# Dirt Cheap DCC? Sprog Nano and Booster?



## jlassen (Dec 5, 2013)

Has anybody used the SPROGNano?

Last item at this page



Supposedly, it connects to any old DCC booster, and allows you to use JMRI software to control your setup. Doesn't have a separate programming track like the normal Sprog II and III, but allows for "On the Main" programming.

But the idea of this $42 widget, connected to any old JMRI computer, connected to any old booster for a DCC control system is intriguing. Any reason something like a CVP DCC "Booster 3" couldn't be used? (http://www.ebay.com/itm/CVP-EasyDCC...A-Assembled-/252055982157?hash=item3aafb5104d)

Add $15 for a Power supply, and I'm looking at at $72 DCC system. admittedly, Boosters are usually a bit pricier than this and if you end up paying full retail for a new one, A sprog III probably is a better choice. 

And I'm not sure if this old BOOSTER 3 will actually work with the SprogNano. 

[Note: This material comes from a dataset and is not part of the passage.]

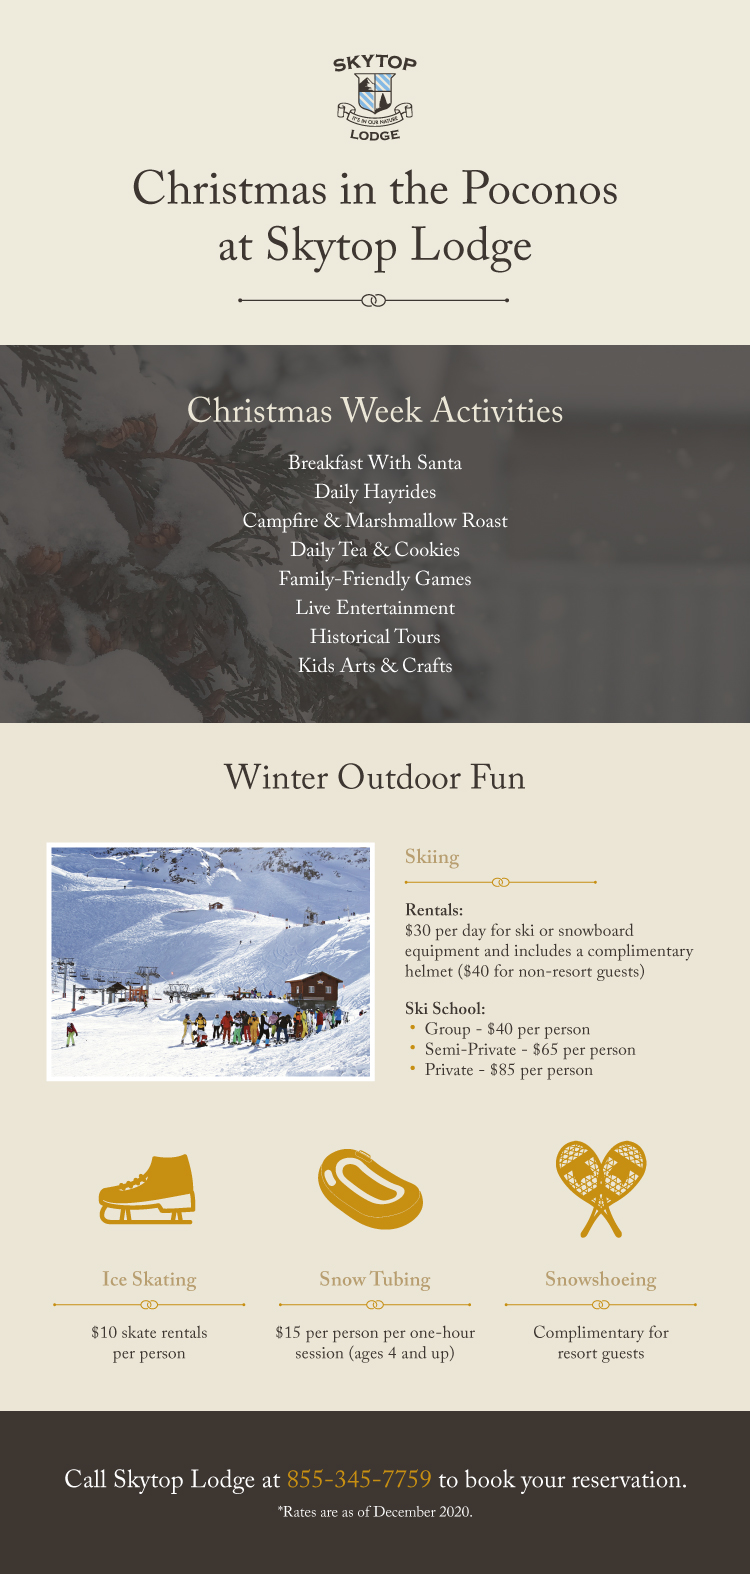 Christmas events in the Poconos | Skytop Lodge

But it seems like this could work, right?


----------



## Cycleops (Dec 6, 2014)

Right.


----------



## DonR (Oct 18, 2012)

You so far have not had the number of responses to your thread
that one could usually expect here on the Forum.

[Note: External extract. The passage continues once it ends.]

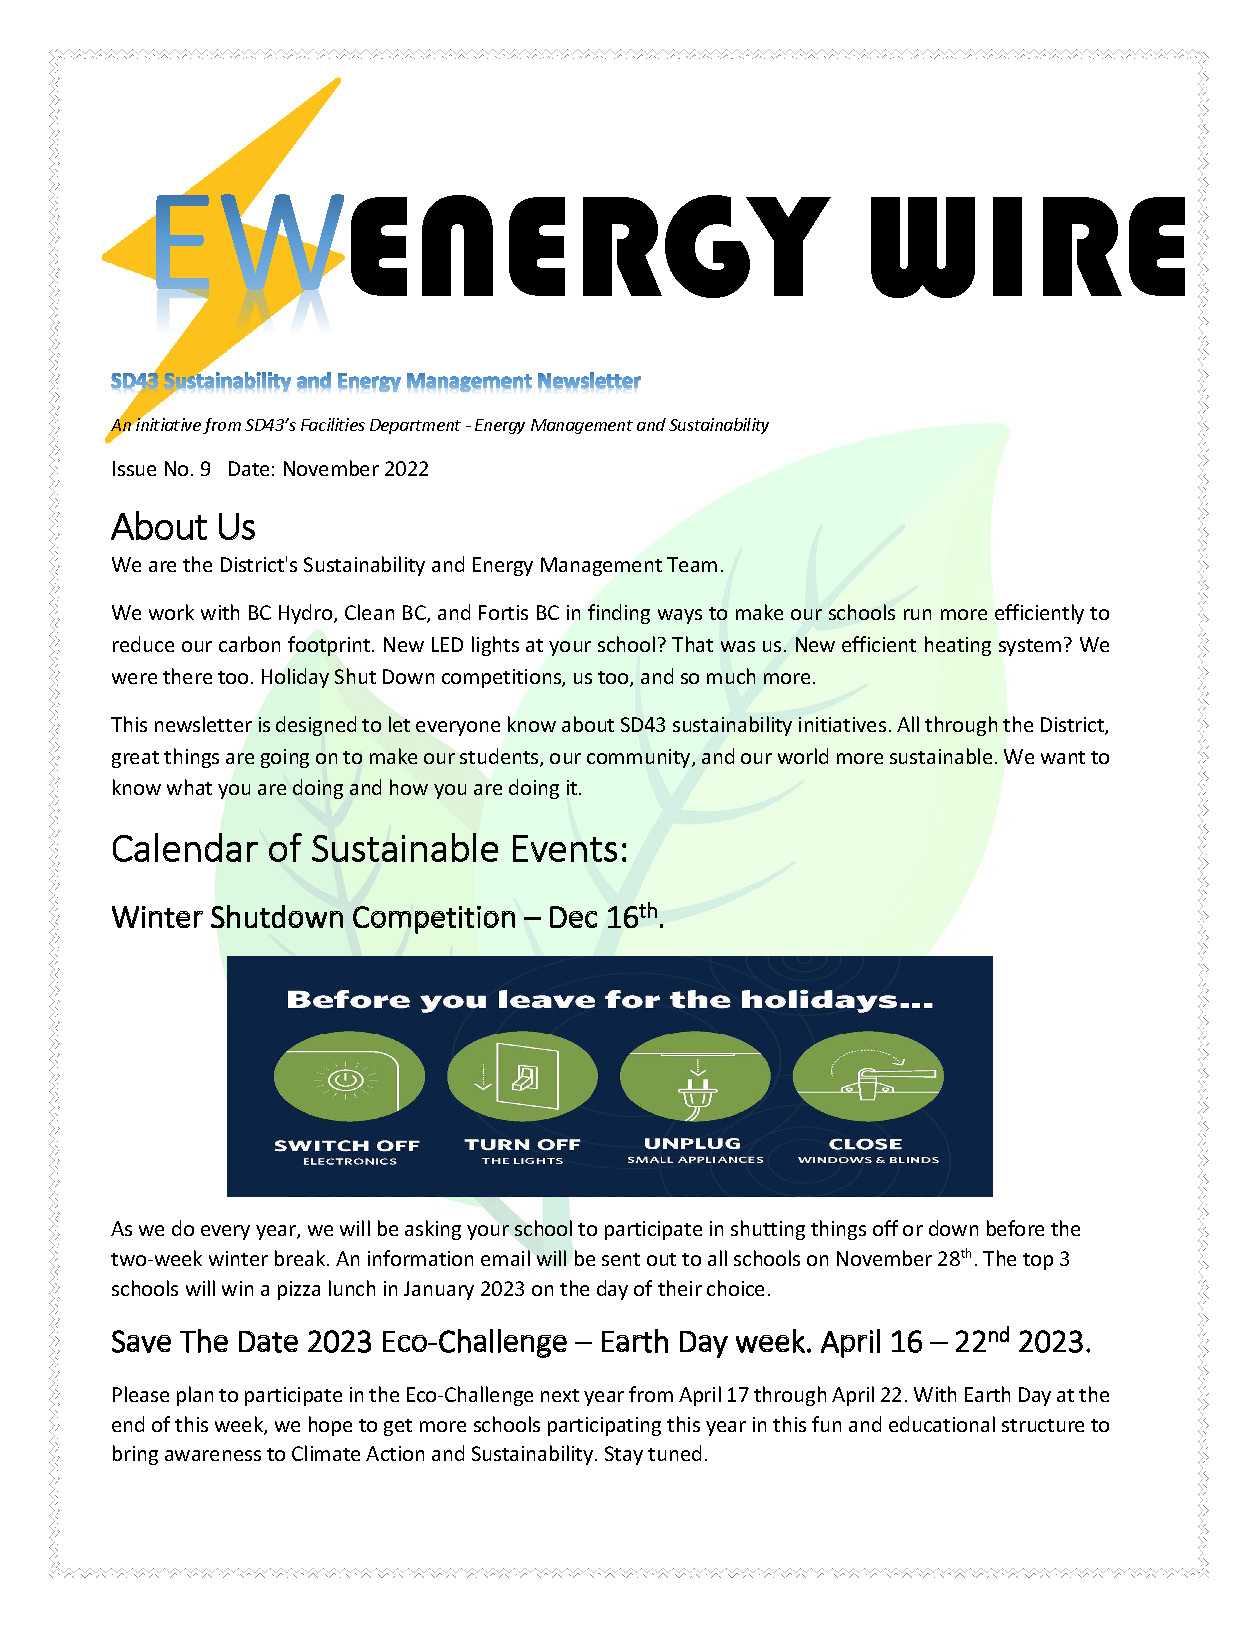 Energy Wire Newsletter November 2022_Page_1.jpg

Possibly because few of our members have any experience
with the devices. I know this is the first I've heard of them.

Most of the modelers use NCE, Digitrax, MRC or Bachmann. You
have large numbers of our members who use and have
extensive experience with them, including the ties to
computer control.

You might want to consider that wealth of experience before
you invest in something that does not appear to have a wide
user base.

Don


----------



## jlassen (Dec 5, 2013)

This is very pragmatic advice. I will balance this against my desire tinker around at the edges of things. Block detection and signal control don't seem to be SPROG/JMRI's strong suit. 

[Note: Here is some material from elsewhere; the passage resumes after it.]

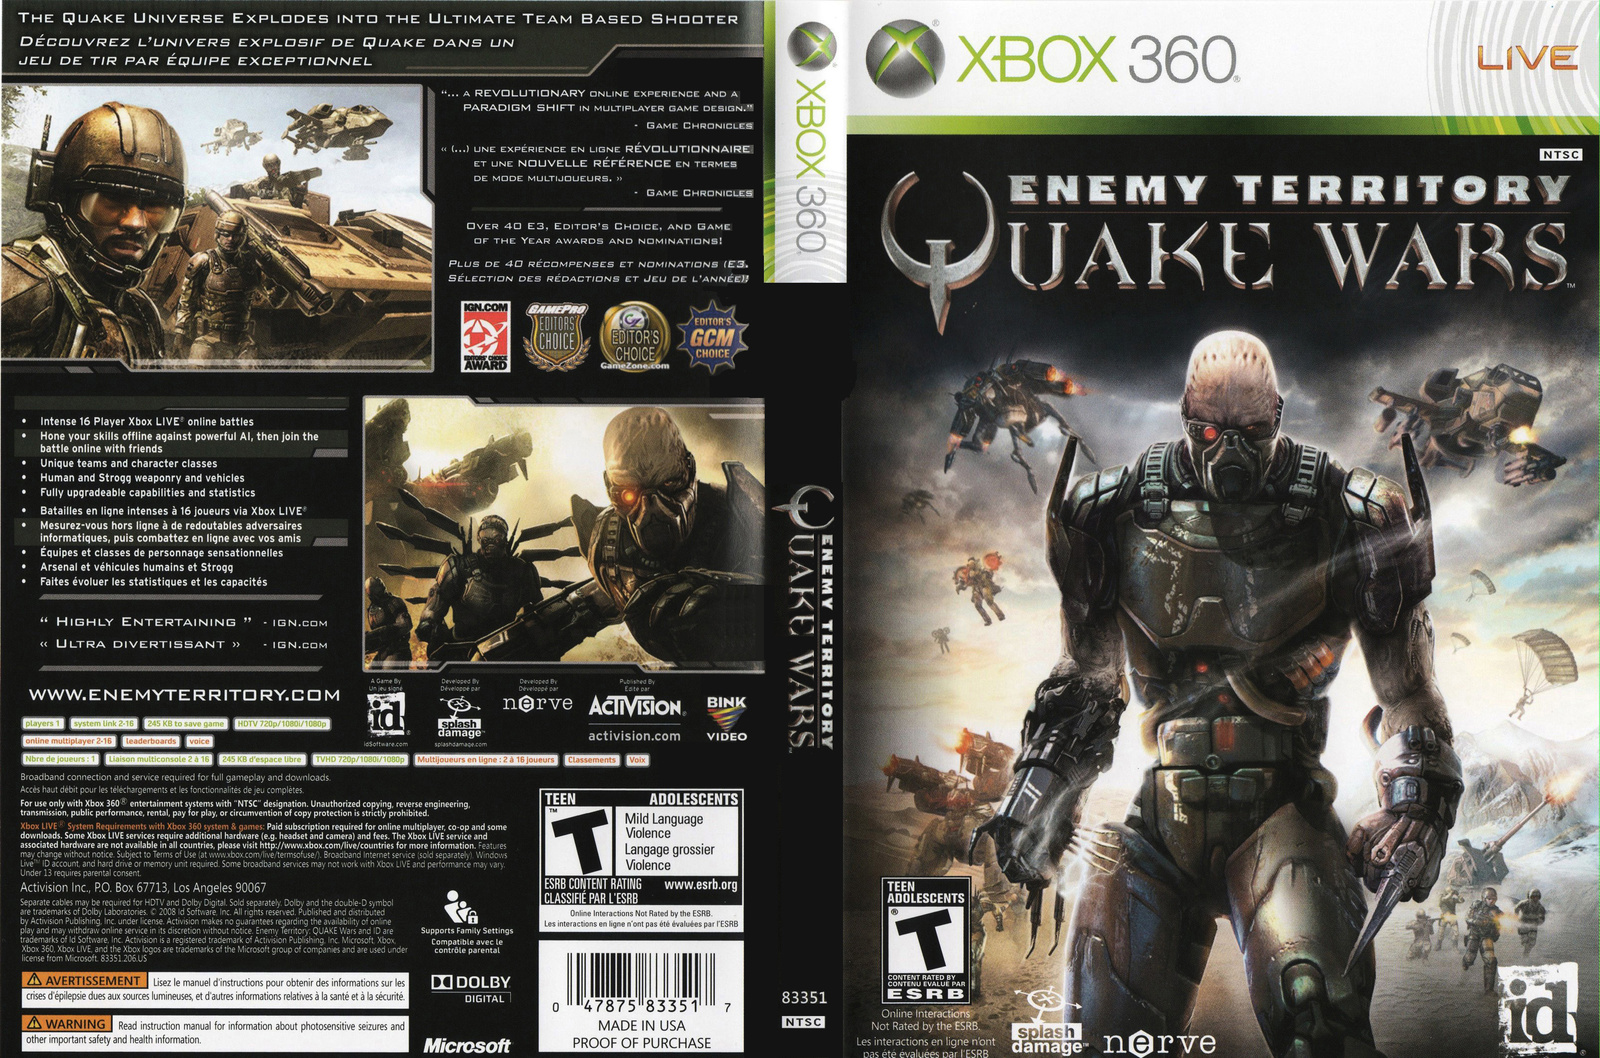 enemy.territory.quake.wars.dvd-front

Though I've heard of folks running separate DCC controllers/power-source for Block detection /switching/other accessories, so investing in one solution for locomotive-control wouldn't preclude setting up a loconet controller, for example.


----------



## DonR (Oct 18, 2012)

There are several of our members who have large layouts with
occupancy detection, block control and tied to their
computers.

For advanced electronics of this type you might also want
to visit WiringforDCC.com.

http://www.wiringfordcc.com/

Alan Gartner is one of the nation's foremost
DCC men.

Don


----------



## jlassen (Dec 5, 2013)

Thank you for the link.

I'll look into that.


----------